Yes, America, land of opportunity and privatized... prisons. We've been knocking government since Ronald Reagan (who was a government employee for a significant portion of his career) but the truth is, when you let the private sector run government services for profit, most people suffer. If you want roads on which the police can drive to you when you call, guess what? That costs money. We have some of that "hire your own government services" crap over here, and it mostly sucks for most people, while benefiting the wealthy few.
I respect the career civil servants who are actively trying to make a positive difference (and the majority of government employees ARE) while being bashed and slandered by media, politicians and taxpaying whiners. Is it perfect? No. But if you want low taxes, move to Somalia and carry your RPG into Starbucks anywhere you like. Oh, there's no Starbucks? Maybe because there's no stable government....
Ask Me About... The 80's!
Actually Ukraine has a more developed economy than its neighbors. At least we have a lot of imported products from Ukraine and when we go to seaside there, almost all of their products are locally made, not imported.
At least they can leave the country legally, and without threat of death. It's Ukraine. They didn't always have that option.
For that matter, they didn't always have the right to own a business or to work for whichever business they liked.
In Soviet Ukraine, the politicians told you where to go.
Sorry, but Soviet jokes actually make sense in response to this summary.
You have demonstrated nothing. healthcare costs more because states have laws that prohibit competition in that marketplace. Remove the government and you will see huge improvements. Also maybe the government should get out of the business of telling insurance companies what they must cover in MY insurance. I am capable of that thank you. An insurance company that dose not allow me to haggle on price and coverage wont be around for long.
Why is it so hard to only have politicians for a few years, then have them go away?
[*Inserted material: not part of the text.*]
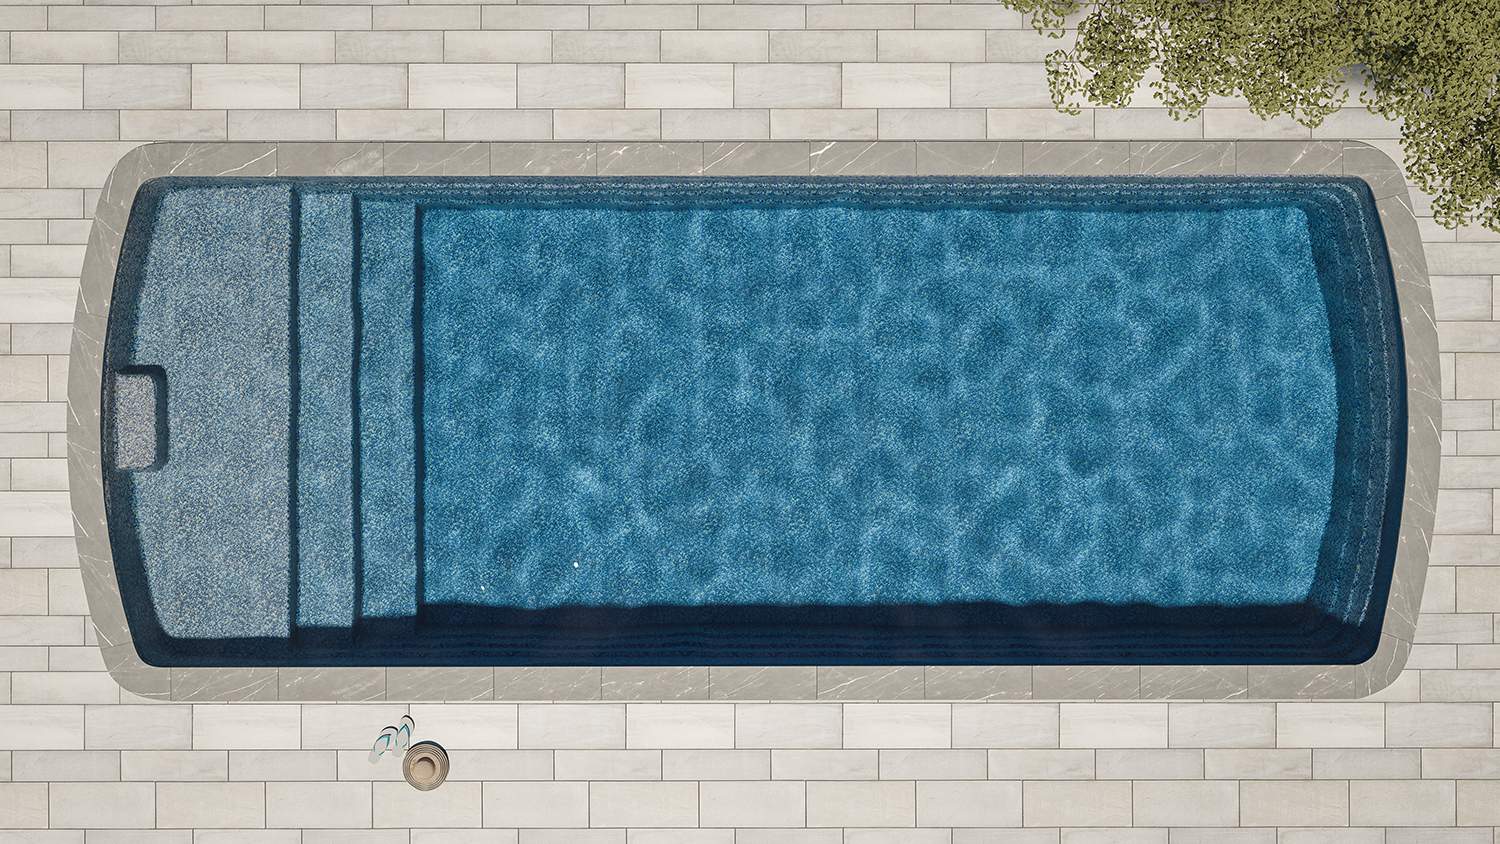 Fiberglass pool ocean gray color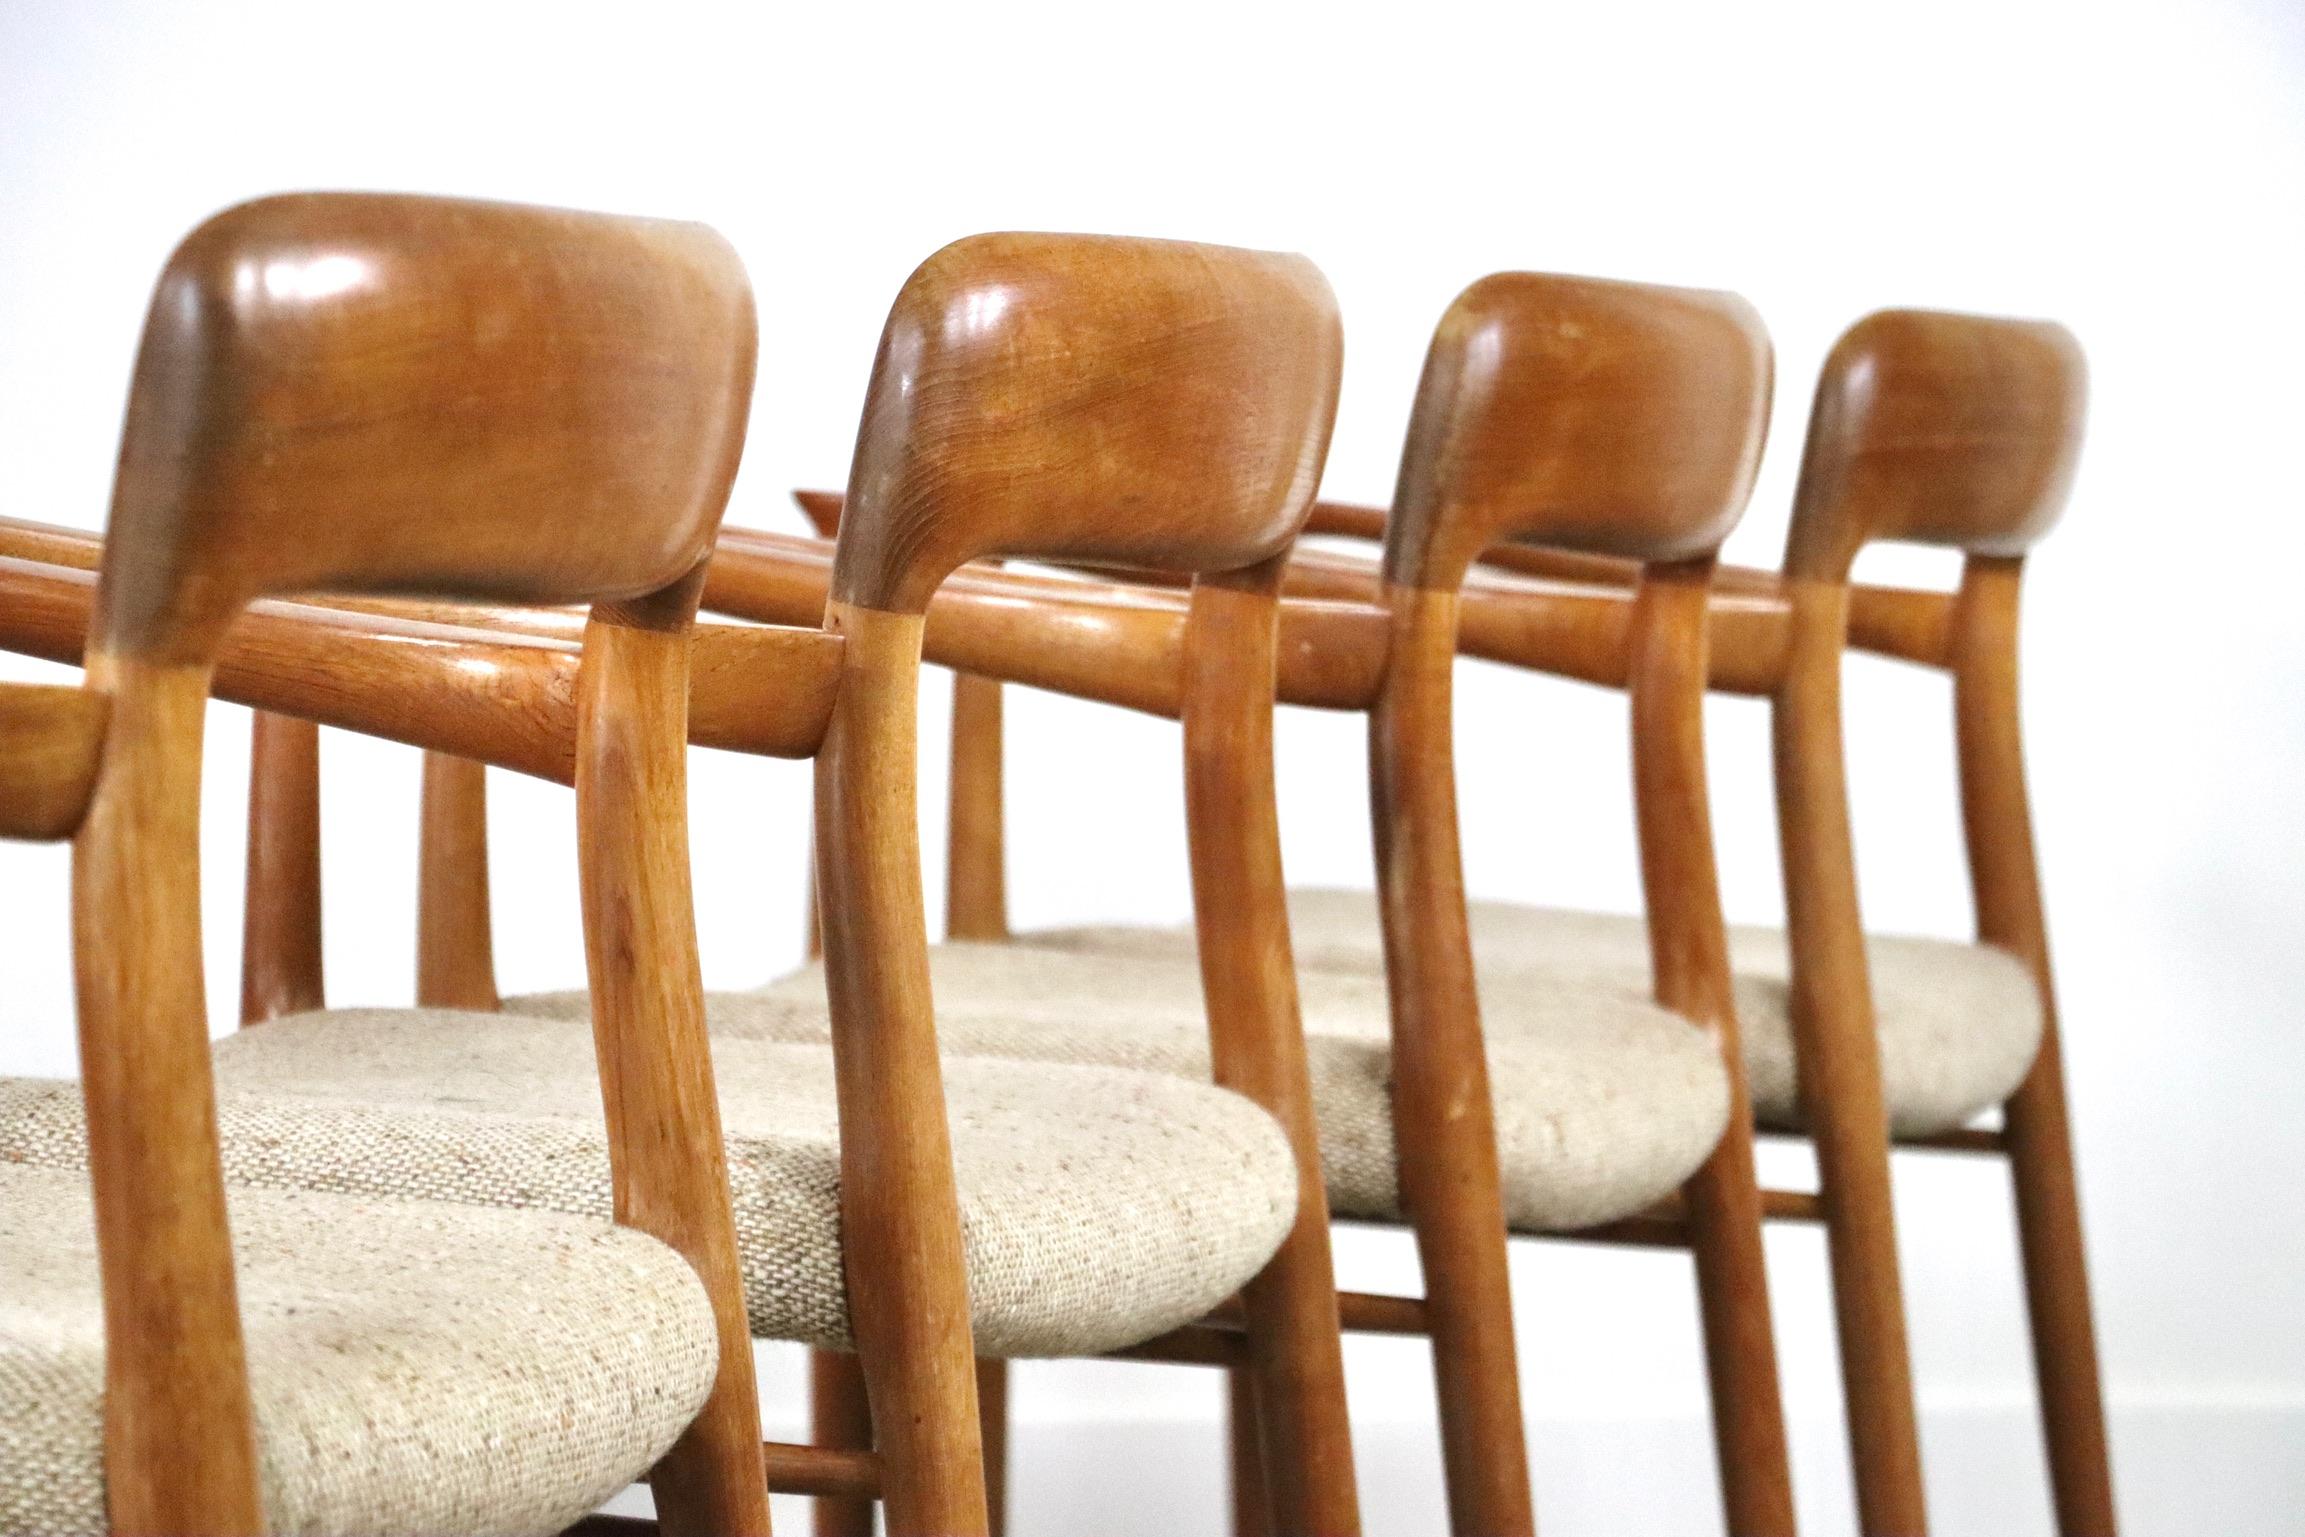 Incroyable ensemble de 4 chaises de salle à manger Model 56 en chêne avec accoudoirs sculptés, conçu dans les années 1950 par Niels Otto Møller pour J.L.. Møller. Magnifique cadre en chêne qui complète le rembourrage en laine beige/crème des sièges.

Actually in the US I think that FDIC insurance is a PROBLEM. I know that I have no clue what my bank is doing with my money. Why? Because I don't have to. I am insured. If there was no FDIC I bet that most people would know what is going on with their banks. Banks that are conservative and keep your money safe while making a little on the side will have huge deposits. Banks playing fast and loose may get some but I don't give a shit about people who lose money cause they were careless with it.
Why is it so hard to only have politicians for a few years, then have them go away?
The counter example was actually medicare vs private insurance. Midicare costs something like 3% for overhead, private insurance costs something like 12%.
There are a variety of reasons for this disparity, but none of them have to do with laws prohibiting competition in that field. In this case, "the government" system is cheaper than the "competing companies" system.
If one is going to say ALWAYS, then a single counter-example is sufficient.
If you meant "always except when it isn't", then you should be careful to state that.
If you want to go on talking about what the government should or should not be involved in you should probably be aware that it is unlikely that you will be able to find ANY position that "most thinking people will agree" upon - even without going outside of the USA for those people.
So basically you want to say that low taxes lead to economy growth and less tax evasion? Well, Ukraine is the best counterexample. Flat 17% income tax, but pretty much nobody pays it and the economy is in ruins.
WOW!!! LOL!!!
Do you live in Ukraine, man? I DO. And I claim that there are MANY taxes in Ukraine: ...
17% Income Tax (going to be progressive soon),
35%(!!!) Wages Transactions Tax,
20% Value Added Tax,
2% Retirement Account (managed by government of course)
1% Social Insurance
and many others.
And I have not mentioned yet
INFLATION by government emission,
BUREAUCRACY (due to much complicated laws),
and banal STEALING by those public "servants".
So do you still wonder about poor situation here in Ukraine???